Today I woke-up, had coffee (a must) and breakfast, and checked my email before heading to the office. My office is a shared space and more of an office/lab hybrid. There is a smaller adjoining room with electrical measurement systems including an Atomic Force Microscope (AFM). I use it to check for terraces, or ridges, a single atomic unit in height on a strontium titanate substrate. A few weeks ago I collected a lot of data and now need to analyze the data, which involves plotting it in OriginPro, a plotting software, and fitting it to existing models. I have been sorting through this data for two weeks already. I got to the lab around 9:30am, plotted the data until 11:45am, went home to have lunch, then headed back to the lab to plot data until my eyes needed to rest from the screen. Tomorrow I will basically do the same thing. And at 1:30pm I have a weekly meeting with my advisor to show him my results.
If my day sounded tedious, it was. In the course of the day I created 100 workbooks and about the same number of plots. The software crashed a few times and wore on my patience. But the thing is, you can't get to the good part, when you look for trends in the data and figure-out the underlying physics, without this part. And sometimes I get to spend the whole day reading, either articles or textbooks; I love these days. It's important to recognize there's an element of tedium to every job.
As a woman you have to fight micro-battles on a daily basis. There are people who will make you feel like you're not good enough. There are people who will tell you, "someone in your position would just leave with a master's degree." There are people who will tell you, "you can't have an accident in the lab, you're not married yet." There are people who will treat you like you don't know how to use a screw driver.
Science can be very isolating; sometimes I sit alone in a basement for 12 hours at a time running experiments.
Failing repeatedly is a fundamental underpinning of science; for every one piece of good data there are tens and maybe hundreds of failed attempts at getting that data.
I get to look at the world in nanometers (1x10^-9 meters)!
Every now and then an experiment goes well, you figure-out something you always wondered about, you suddenly see things from a new perspective, or you feel, just possibly, you could make a difference.
Out of the lab I am a bit of a clotheshorse but in the lab the dress code is more about being practical than anything else.
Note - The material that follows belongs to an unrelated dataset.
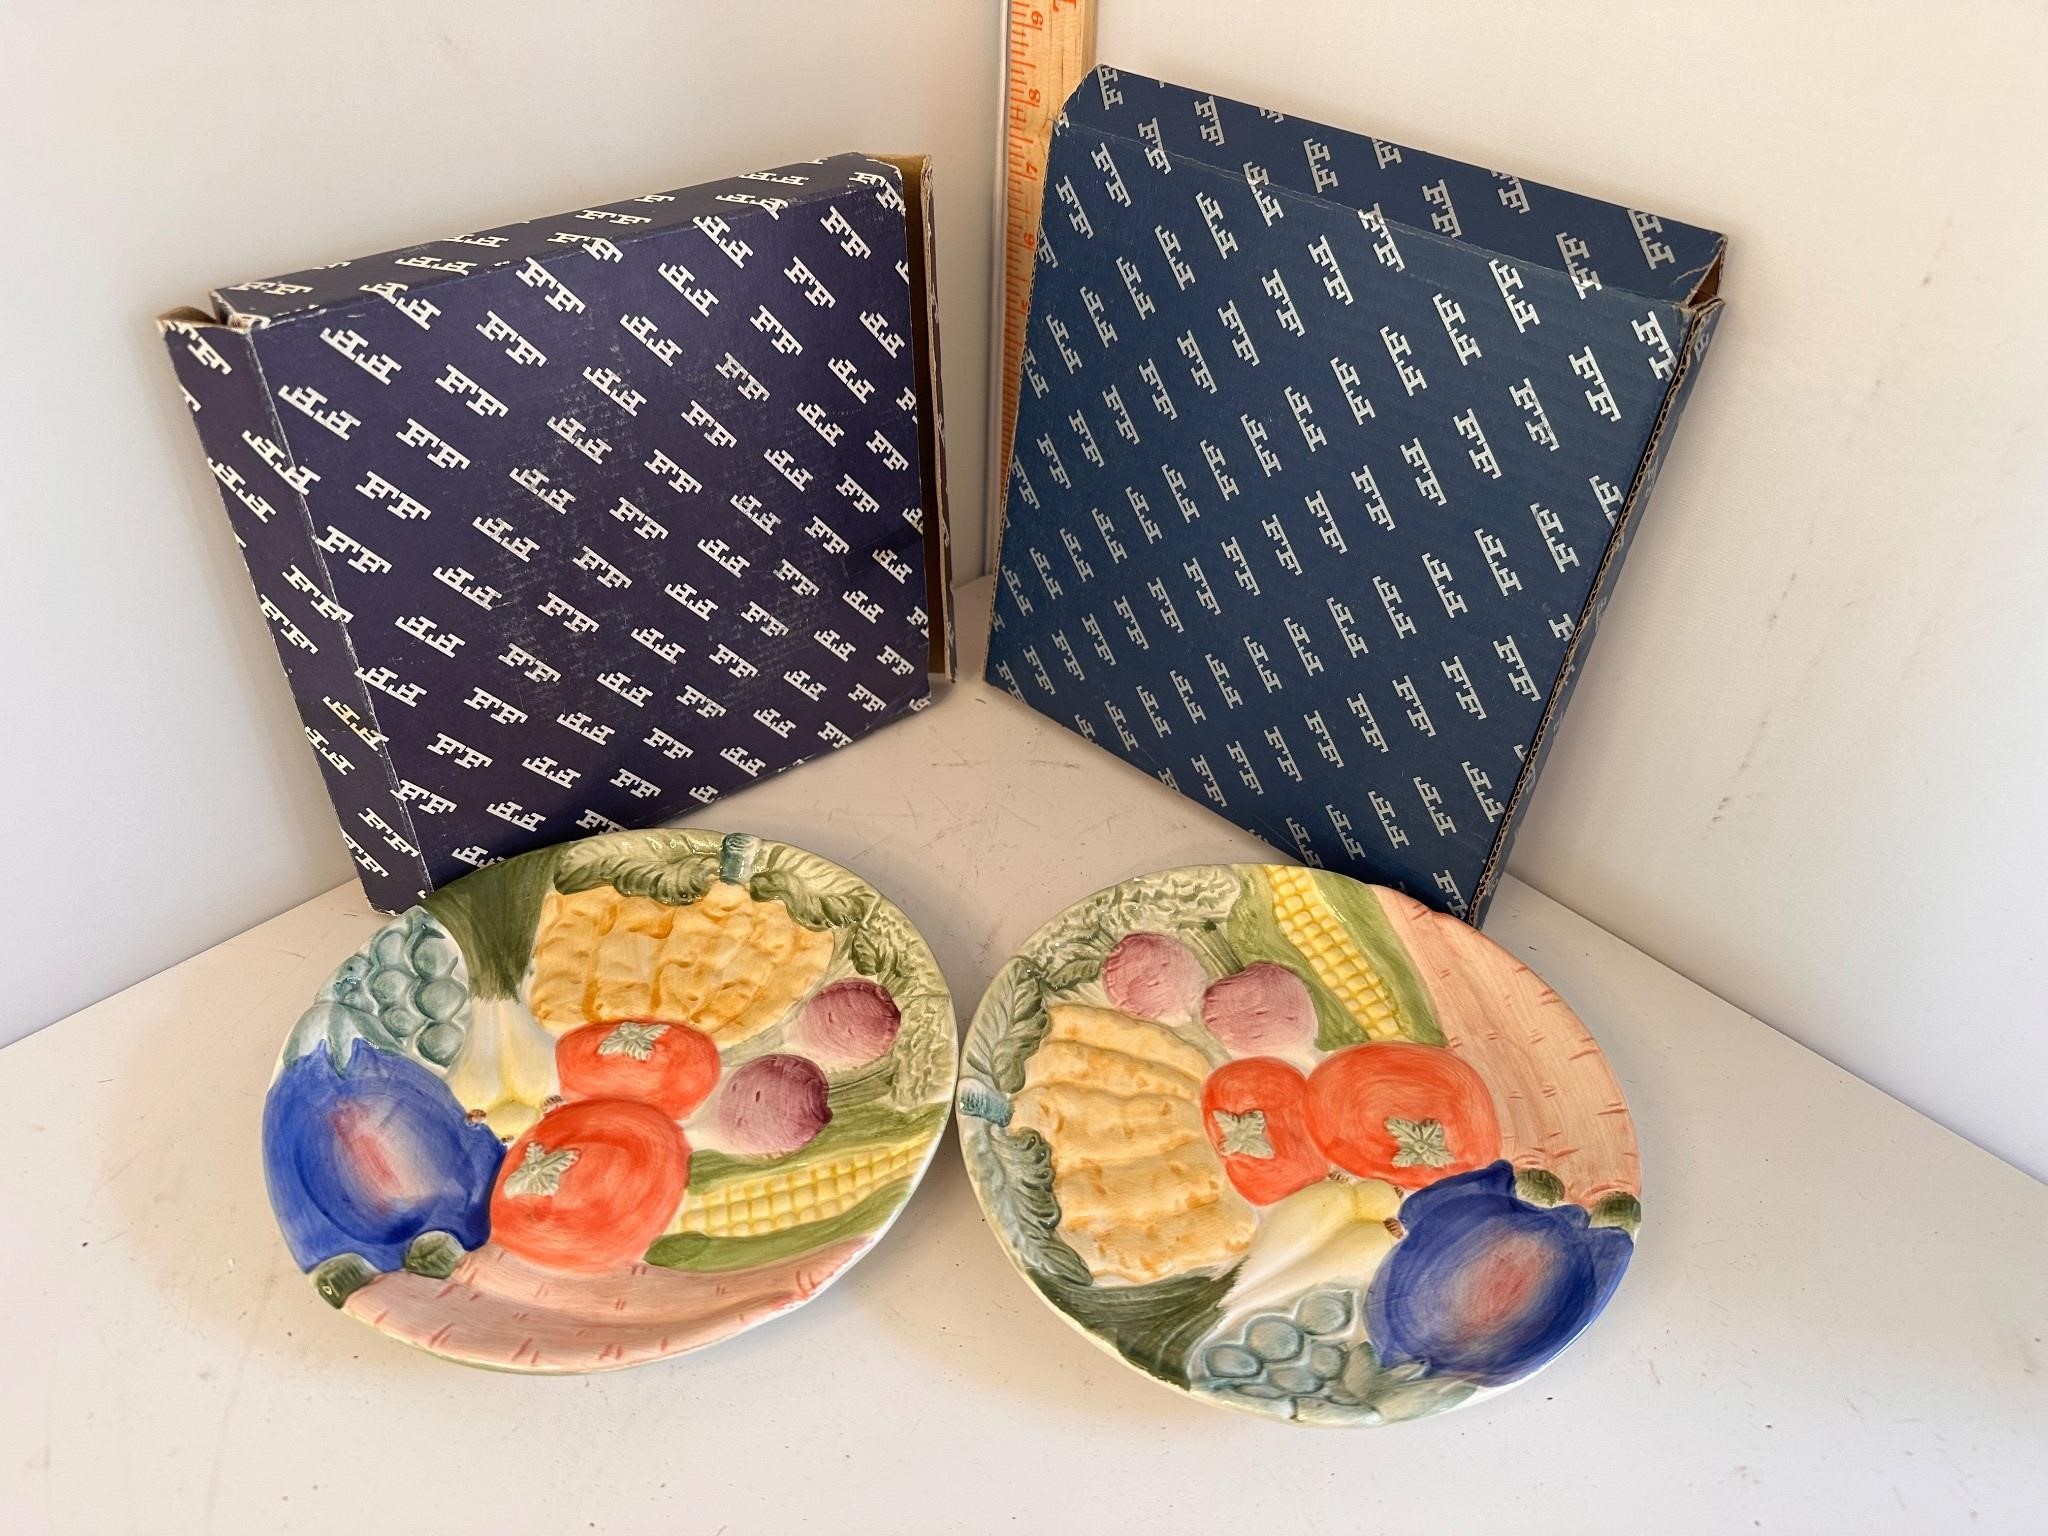 2 Fitz and Floyd small vegetable plates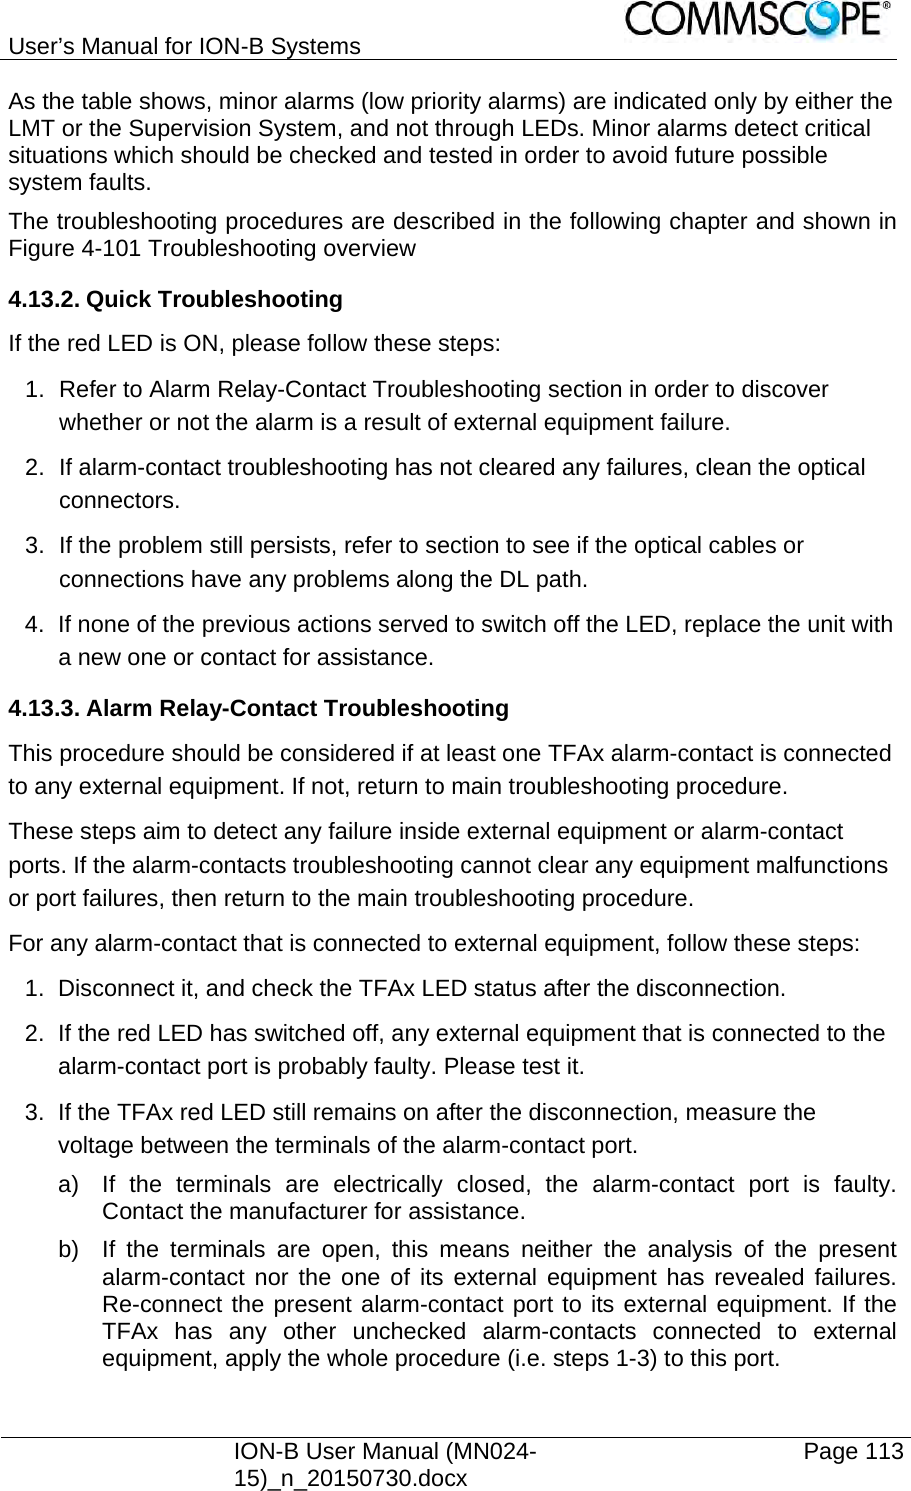 User’s Manual for ION-B Systems    ION-B User Manual (MN024-15)_n_20150730.docx  Page 113 As the table shows, minor alarms (low priority alarms) are indicated only by either the LMT or the Supervision System, and not through LEDs. Minor alarms detect critical situations which should be checked and tested in order to avoid future possible system faults. The troubleshooting procedures are described in the following chapter and shown in Figure 4-101 Troubleshooting overview 4.13.2. Quick Troubleshooting If the red LED is ON, please follow these steps: 1.  Refer to Alarm Relay-Contact Troubleshooting section in order to discover whether or not the alarm is a result of external equipment failure. 2.  If alarm-contact troubleshooting has not cleared any failures, clean the optical connectors. 3.  If the problem still persists, refer to section to see if the optical cables or connections have any problems along the DL path. 4.  If none of the previous actions served to switch off the LED, replace the unit with a new one or contact for assistance. 4.13.3. Alarm Relay-Contact Troubleshooting This procedure should be considered if at least one TFAx alarm-contact is connected to any external equipment. If not, return to main troubleshooting procedure. These steps aim to detect any failure inside external equipment or alarm-contact ports. If the alarm-contacts troubleshooting cannot clear any equipment malfunctions or port failures, then return to the main troubleshooting procedure. For any alarm-contact that is connected to external equipment, follow these steps:  1.  Disconnect it, and check the TFAx LED status after the disconnection. 2.  If the red LED has switched off, any external equipment that is connected to the alarm-contact port is probably faulty. Please test it. 3.  If the TFAx red LED still remains on after the disconnection, measure the voltage between the terminals of the alarm-contact port. a)  If the terminals are electrically closed, the alarm-contact port is faulty. Contact the manufacturer for assistance. b)  If the terminals are open, this means neither the analysis of the present alarm-contact nor the one of its external equipment has revealed failures. Re-connect the present alarm-contact port to its external equipment. If the TFAx has any other unchecked alarm-contacts connected to external equipment, apply the whole procedure (i.e. steps 1-3) to this port.

I wear comfortable and closed toed shoes, sleeves that don't get caught on anything, etc. Occasionally I work with liquid nitrogen and need a sweater or jacket because the room gets cold. But if I wore the same thing every single day I don't think anyone would notice.
Learn Chinese. Learn Japanese. And then learn Korean. I'm only kidding but the majority of students in the engineering school are Asian.
Don't take off too much time before starting graduate work, especially in the sciences. I took off seven years and it made things hard--by the time I came back to school I had forgotten a lot of basic math and science, and was a little older than the average student and inherently an outlier, or it always felt that way anyways. But if you have to choose between taking off time before starting graduate school and not going to graduate school at all, go to graduate school.
Work with others, especially in classes--there's so much to learn from them.
Time is your most valuable resource. Focus on a few things and do them well rather than doing a lot of things just okay, say no, make decisions because your heart tells you so not because you fear mediocrity, and stay away from fake sugar.
There is a vitality, a life force, an energy, a quickening that is translated through you into action, and because there is only one of you in all of time, this expression is unique.